Ten years ago, when I first started working in this space, the term “real-world data” didn’t even exist. It was like swearing, and it was mostly done by the pharmaceutical and regulatory sectors in recent years. So, I think the other important piece or dimension that we’re seeing now is that regulatory agencies have quickly started and advanced how we can use real-world data through very important pieces of legislation like the 21st Century Cures Act. introduced to expand our understanding of treatment and disease. So there’s a lot of momentum here. Real-world data is used in 85%, 90% of FDA-approved new drug applications. So this is the world we have to navigate.

How do we maintain the rigor of a clinical trial and tell the whole story, and then bring in real-world data to complete that picture? This is an issue that we have been focusing on for the past two years and we have come up with a solution to this problem during covid called Medidata Link, which links clinical trial patient-level data with all non-trial data. exists in the world for the individual patient. As you can imagine, it made a lot of sense during covid and we started this with the covid vaccine manufacturer, we can study long-term outcomes so we can pool trial data. we are seeing the aftermath of the trial. And does the vaccine make sense in the long run? Are you safe? Is it effective? It’s something that I think is emerging and has been a big part of our evolution over the last couple of years in terms of how we collect data.
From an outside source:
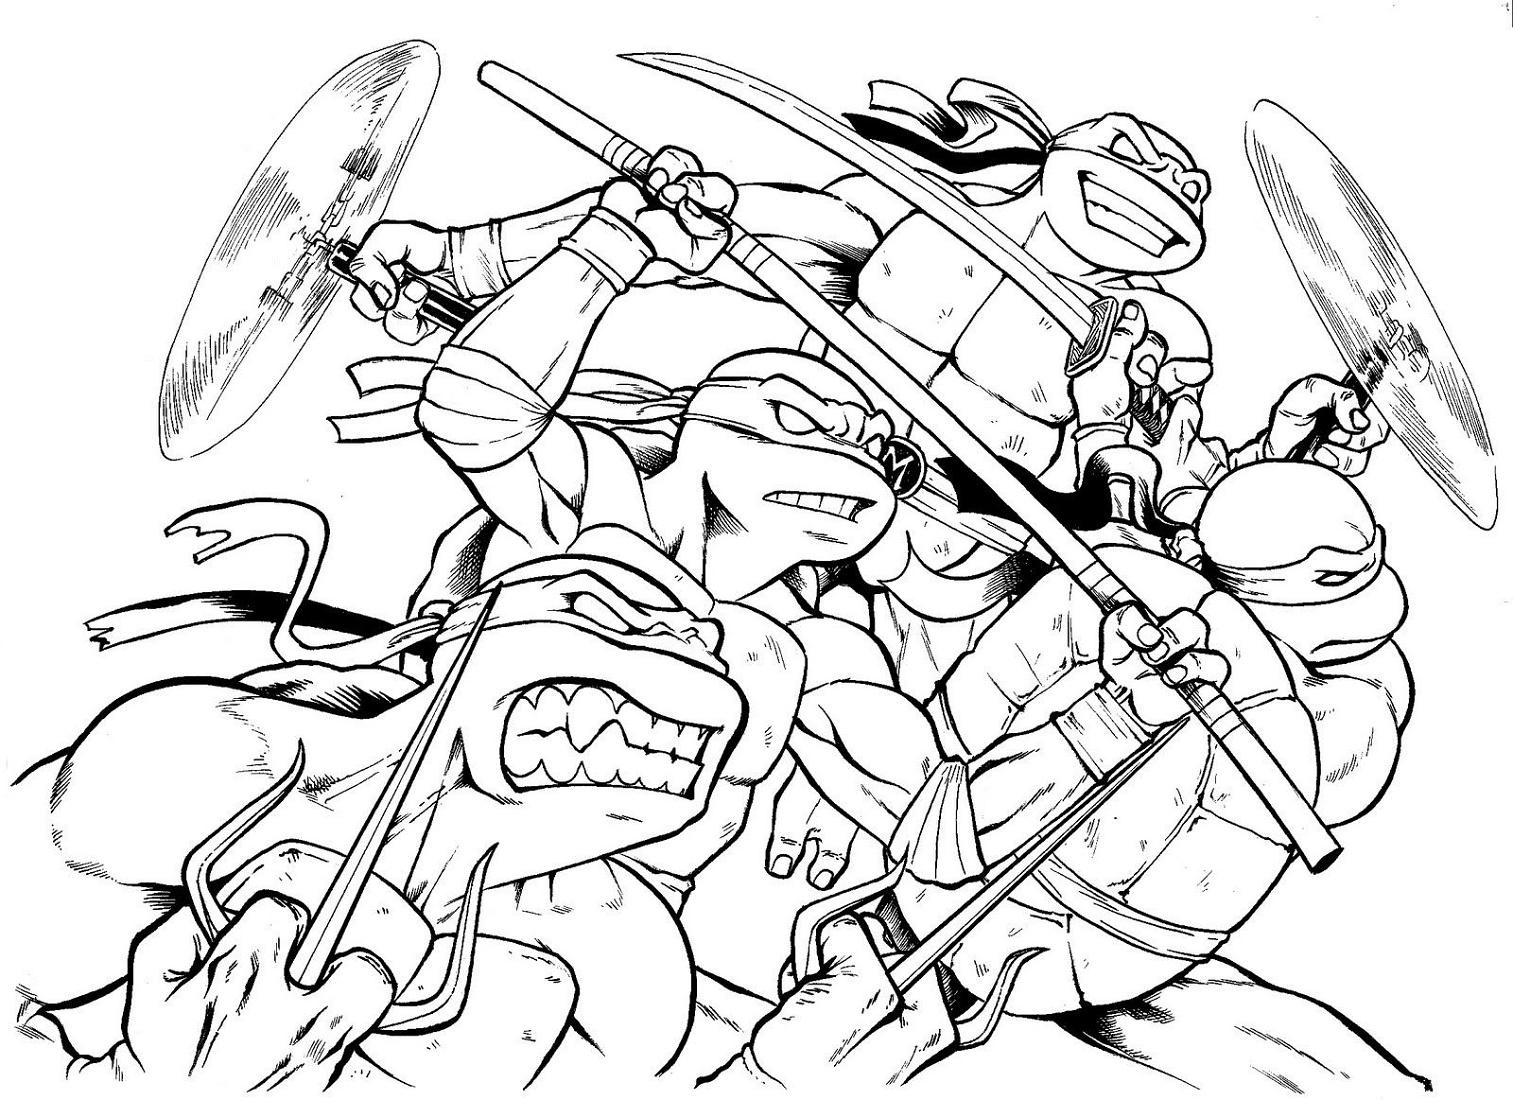 Teenage Mutant Ninja Turtles Coloring Pages To Print

Laurel: Collecting this data can certainly be part of the challenge of producing high-quality evidence. What other gaps have you seen in the industry?
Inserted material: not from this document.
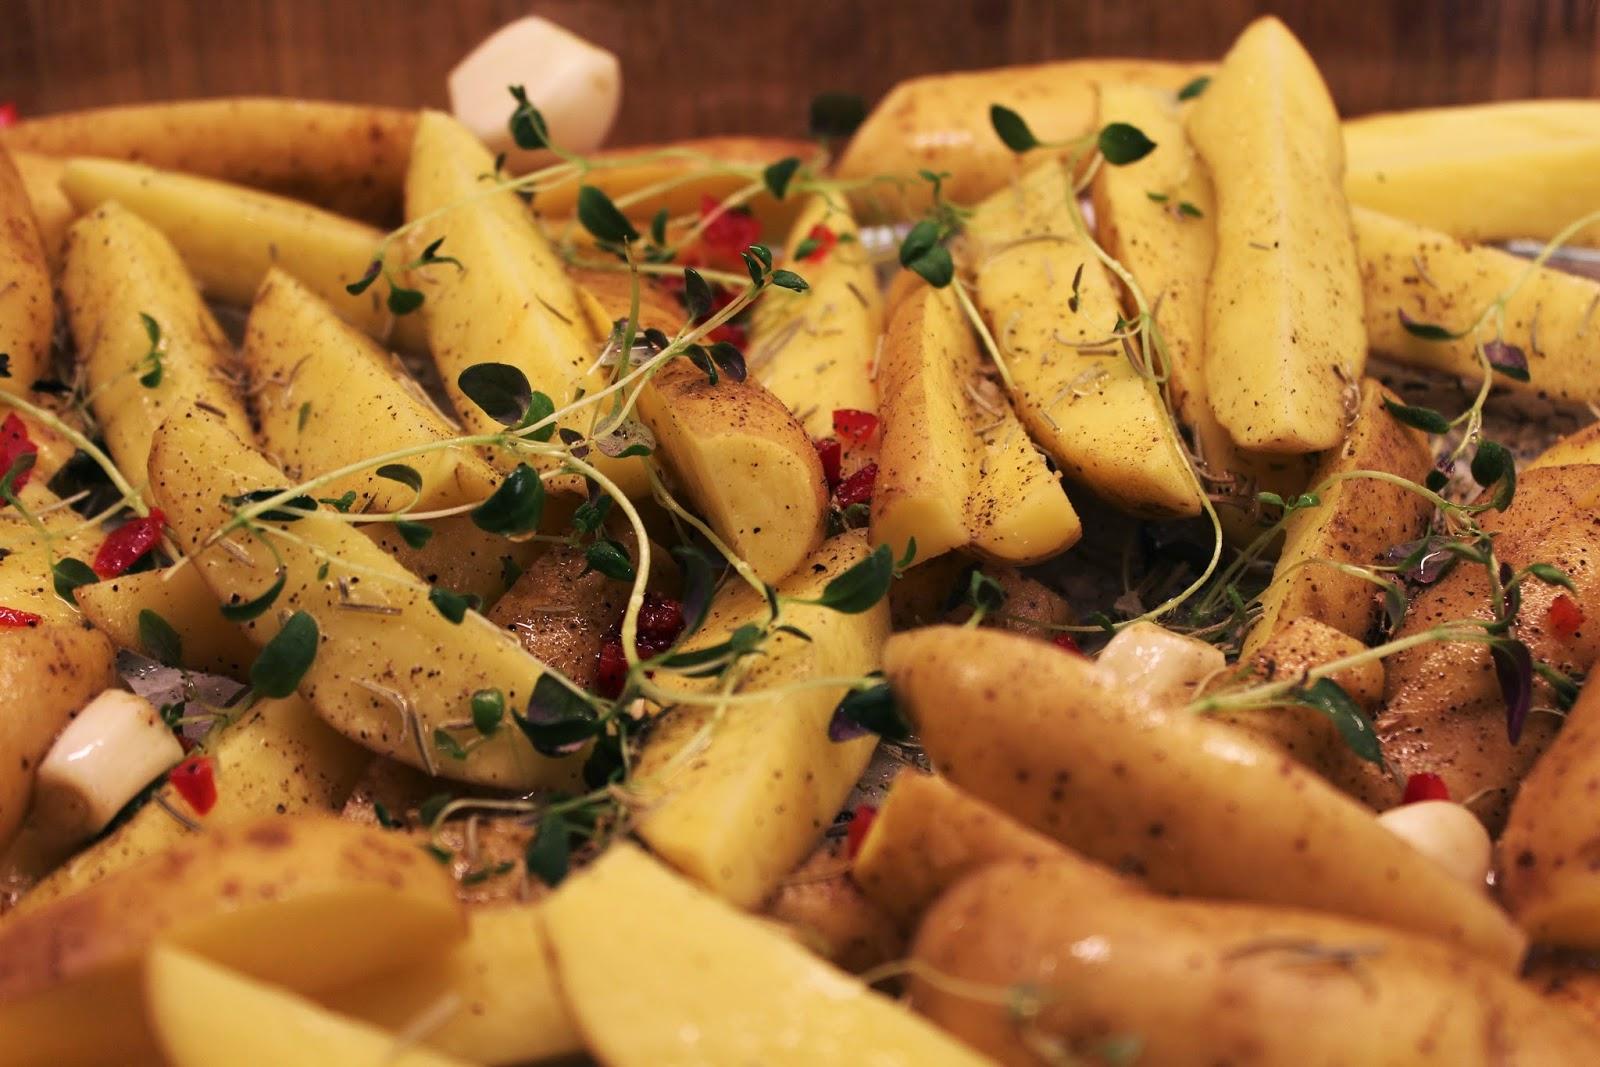 ovnsbakte poteter hele

Arnaub: I think the elephant in the development room in the pharmaceutical industry is that despite all the data and all the advances in analytics, the likelihood of technical success or regulatory success for a drug is still very low. The overall probability of Phase I approval is consistently below 10% for a number of different therapeutic areas. It’s less than 5% in cardiovascular, just over 5% in oncology and neurology, and I think the lack of data to show efficacy is at the heart of these failures. Here, many companies offer or include what regulators call flawed study designs, inadequate statistical endpoints, or, in many cases, insufficient trials, meaning the sample size was too small to reject the null hypothesis. This means that if you only look at the test itself and some of the gaps where data should be more involved and influential in decision making, you’re dealing with a number of key decisions.

So, when you’re building a trial, you’re thinking, “What are my primary and secondary endpoints? What inclusion or exclusion criteria do I choose? What is my comparator? What do I use the biomarker for? Then how do I understand the results? How do I understand the mechanism of action?” It is a transition of many different choices and different decisions that must be made in parallel, all of this data and information coming from the real world; we talked about how valuable an electronic health record can be. But here is the gap, the problem, how is the data collected? How do you check where it came from? Can it be trusted?
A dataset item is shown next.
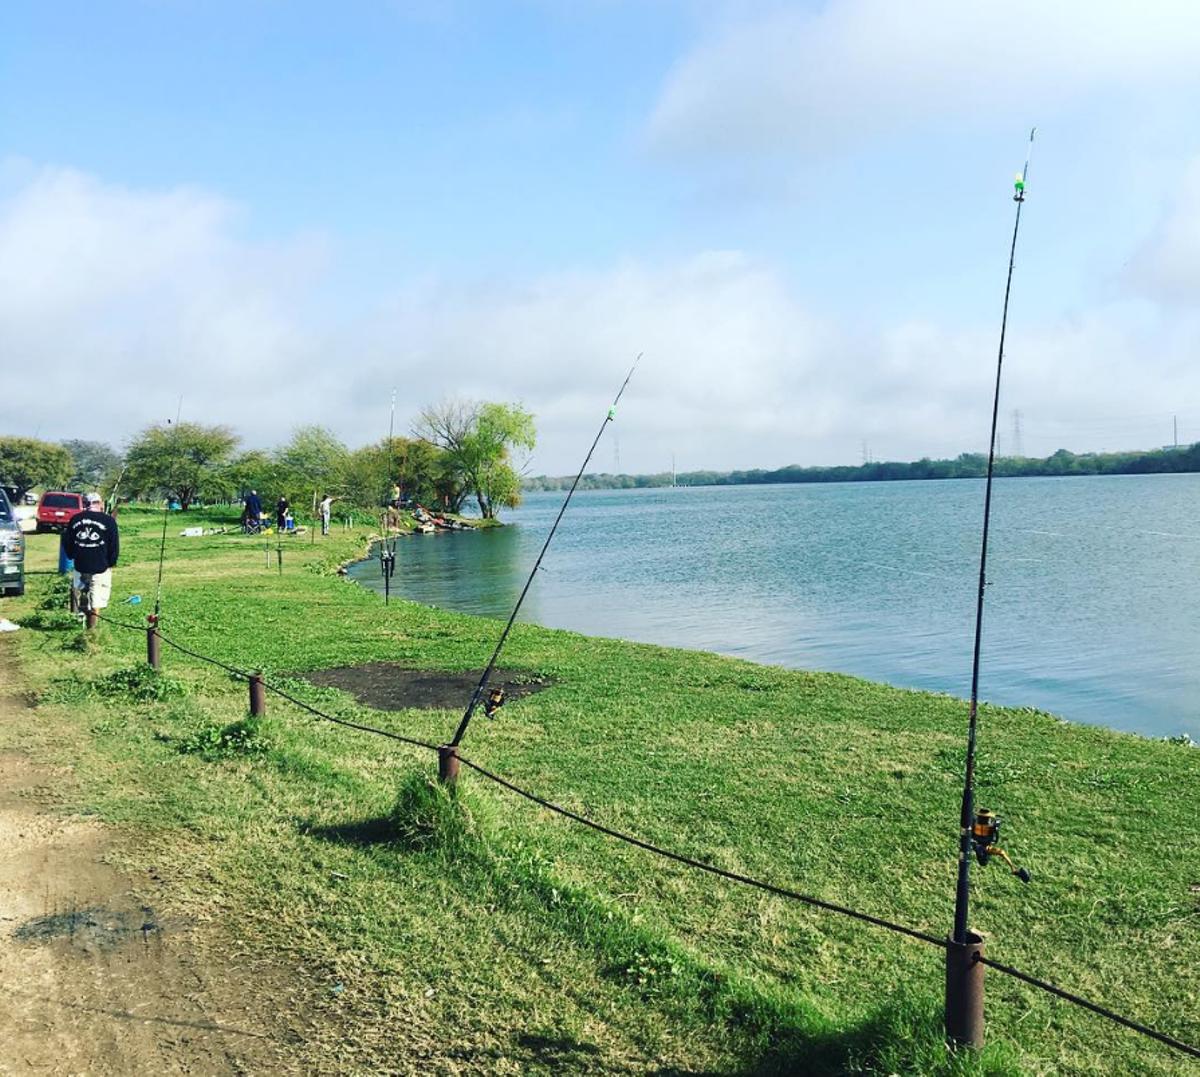 15 Places to Go Fishing in San Antonio | San Antonio

So, while the volume is good, the gaps actually contribute and there is significant scope for variation in different areas. Selection bias means there are differences in the types of patients you choose to treat. There are a number of issues with performance variance, detection, and the data itself. So, I think what we’re trying to navigate here is how do we do that reliably while we’re integrating these data sets while addressing some of the key issues around drug shortages that I referred to earlier? Our proprietary approach leverages the historical clinical trial data set hosted on our platform and uses it to contextualize what we’re seeing in the real world and better understand how patients respond to therapy. This, in theory, and what we’ve seen in our work, should help clinical development teams adopt a new way of using data to design a trial protocol or improve some of the statistical analysis work they do.